Ivan Klasnic, who played long years in German Bundesliga and Premier League, needed a new kidney and sues now Werder Bremen and its team physician Götz Dimanksi. How do you judge this case?
Froböse:
I think the Klasnic-case wouldn’t have been possible if the involved persons would have followed a normal medical codex. And if you would have accompanied this with reputable opinions from outside. I think it’s a homemade problem of the club – unfortunately to the damage of Klasnic.

How does the story of Ivan Klasnic end? Do you have an assumption?
Froböse:
It depends which pre-existing defect a player had. It will be difficult to ascribe the kidney failure completely to the treatment of Götz Dimanski and Werder Bremen. I think it will not end well for Klasnic. But the case shows the problem: There is a player who got ruined for the sake of his club. Klasnic will suffer his whole life because of this. That’s disastrous.
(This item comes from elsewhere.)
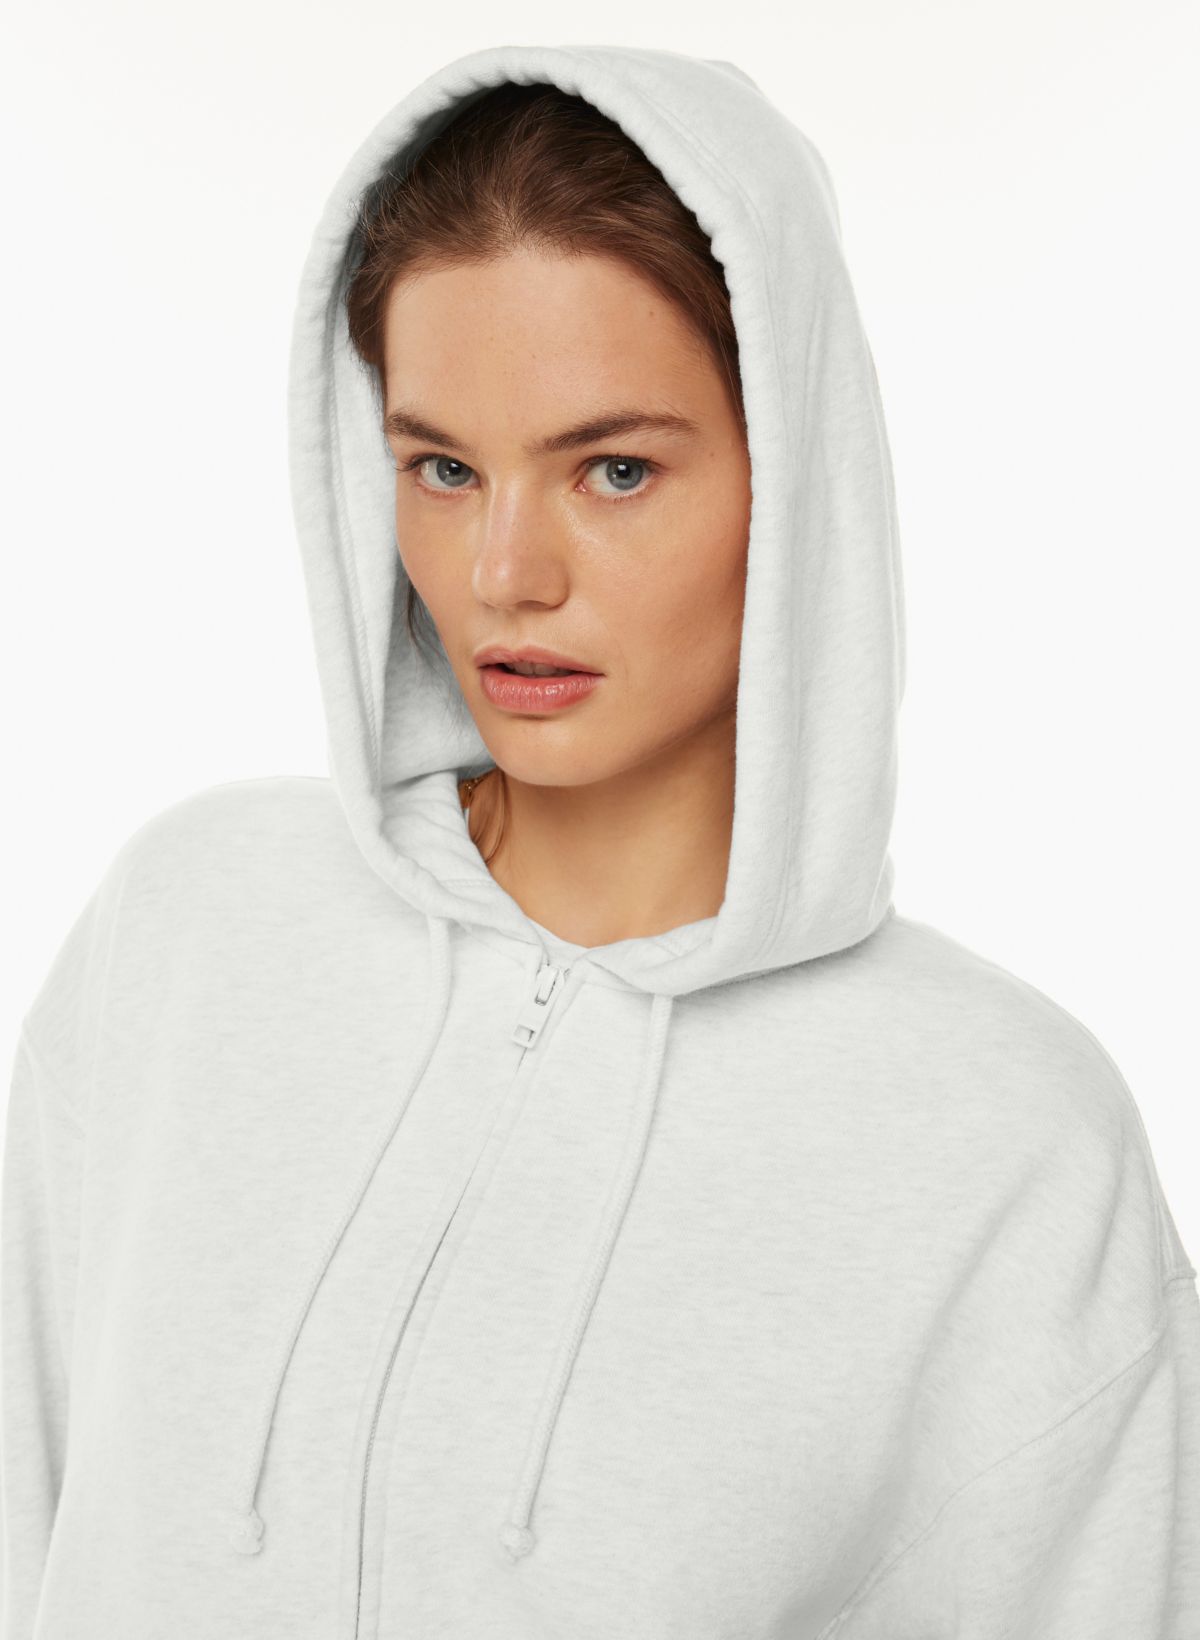 Women's Merino Wool Hoodies and Pullovers - Warmest Sweatshirts In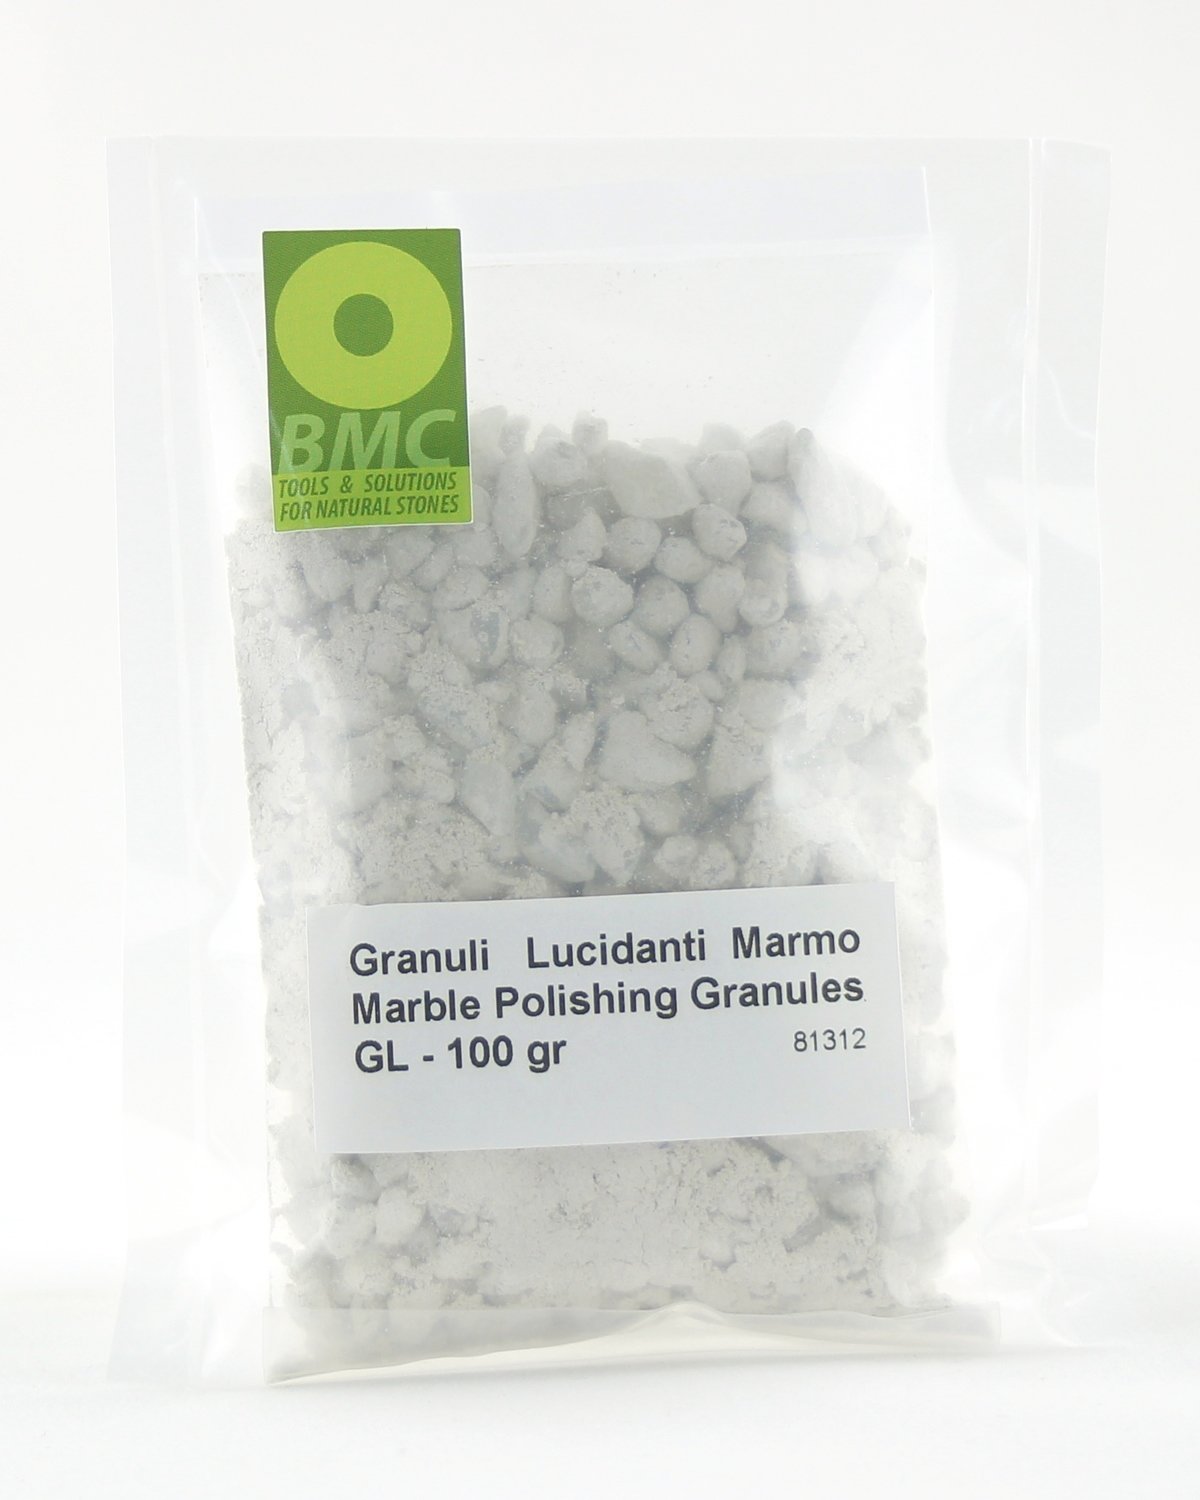 Marble polishing granules GL100

International tournaments like the European Championship succeed a long season, games are closely clocked. Is the abuse of painkillers even higher than normal?
Froböse:
Through the hype the burden for players increases extremely, not only physical, even mentally. The mental tension has immediate consequences on the bodies. I feel certain that clubs and players have to stand Sam – not the national team. The teams use all methods to get over the injury-problems during these tournaments. You can manage these three weeks somehow: You can make it for your nation. I think that the national leagues pay the piper in the first months of the new season.

The Interview originally was recorded in German last summer before the European Championship in Poland and Ukraine. We updated some minor passages.